What is the official replacement for EAGLE?
Autodesk Fusion. EAGLE’s engine was merged into Fusion’s Electronics workspace in 2020, so Fusion is the official continuation and the most faithful path for existing EAGLE projects.
Do I need to re-design my board if EAGLE is gone?
No. Import your existing files into Fusion or KiCad, verify the import, and regenerate manufacturing outputs. And if you already have Gerbers for a finished board, you can keep ordering it as-is — Gerbers are tool-independent.
Will my PCB manufacturer still accept my files after EAGLE ends?
Yes. Manufacturers build from standard Gerber and NC-drill files plus a BOM, which are not tied to EAGLE. Whether the data came from EAGLE, Fusion, or KiCad, the fabrication package is the same.

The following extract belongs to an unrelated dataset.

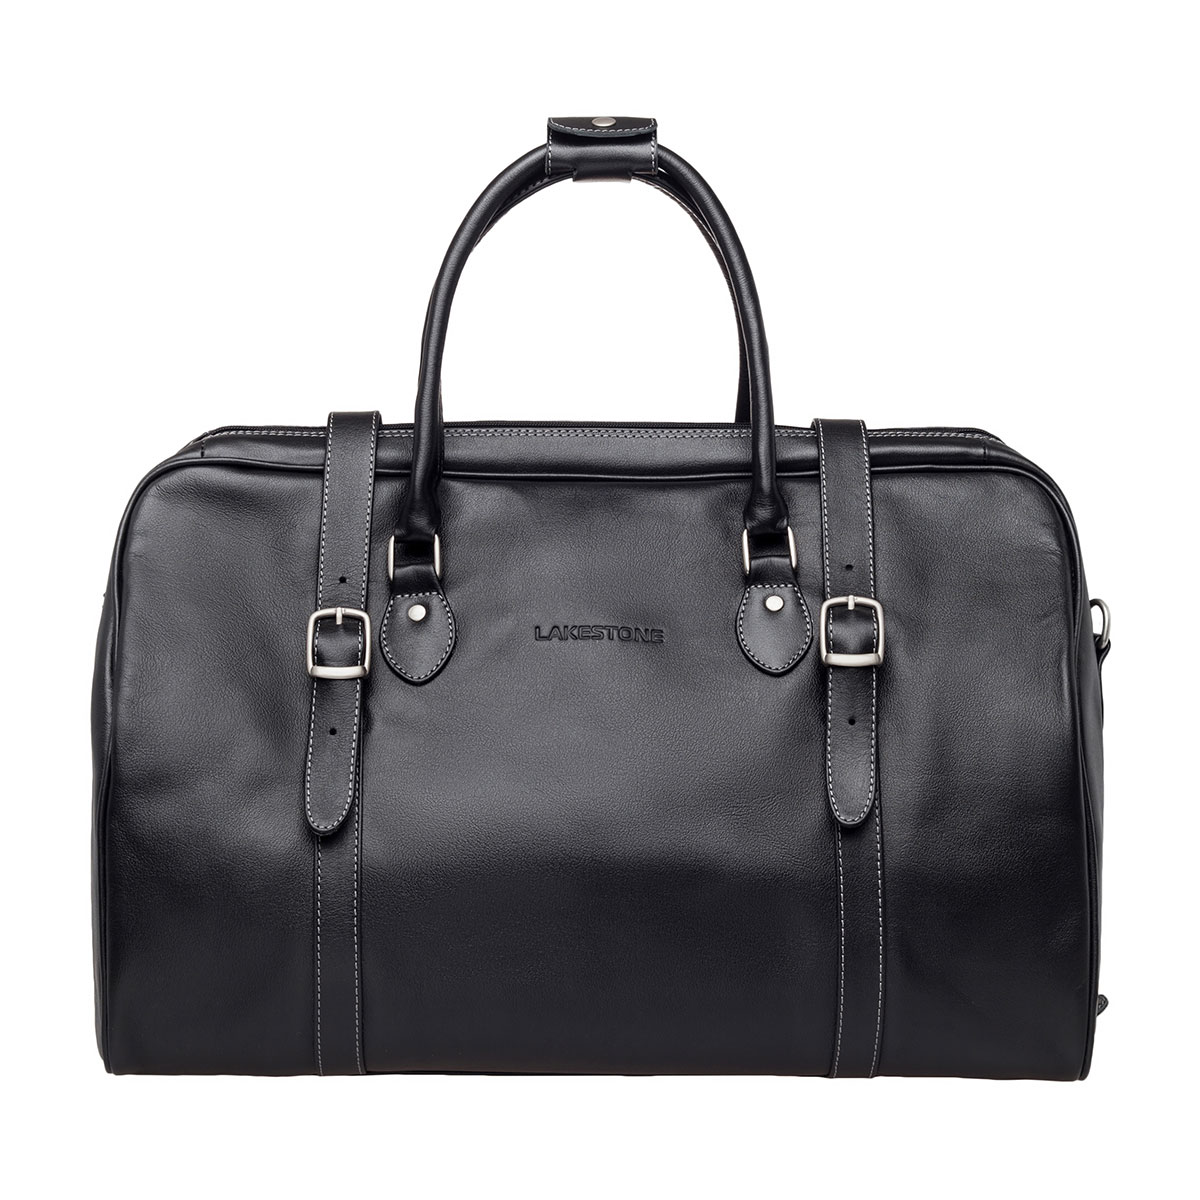 Дорожная кожаная сумка Sandford Black фото

What were EAGLE’s main file types?
.sch for the schematic, .brd for the board layout, and .lbr for libraries. Both Fusion and KiCad can read the schematic and board files; check that custom libraries import correctly and remap parts as needed.
Should I migrate to Fusion or to KiCad?
Choose Fusion if you want the most faithful continuation of EAGLE (it shares EAGLE’s engine), are comfortable with a subscription, or value tight mechanical/ECAD integration with Fusion’s CAD side. Choose KiCad if you want a free, open-source tool with no subscription, cross-platform support, and a strong community — accepting a short learning curve as menus and workflows differ. Both import EAGLE files, so a practical approach is to import a test project into each and see which feels right before committing.
Is EAGLE still free for hobbyists and students in 2026?
EAGLE’s free and maker tiers were folded into Autodesk Fusion, and Autodesk is ending EAGLE on June 7, 2026, after which the standalone app can no longer be launched. For a free option going forward, KiCad is the common choice — it is free, open-source, and reads EAGLE .sch and .brd files.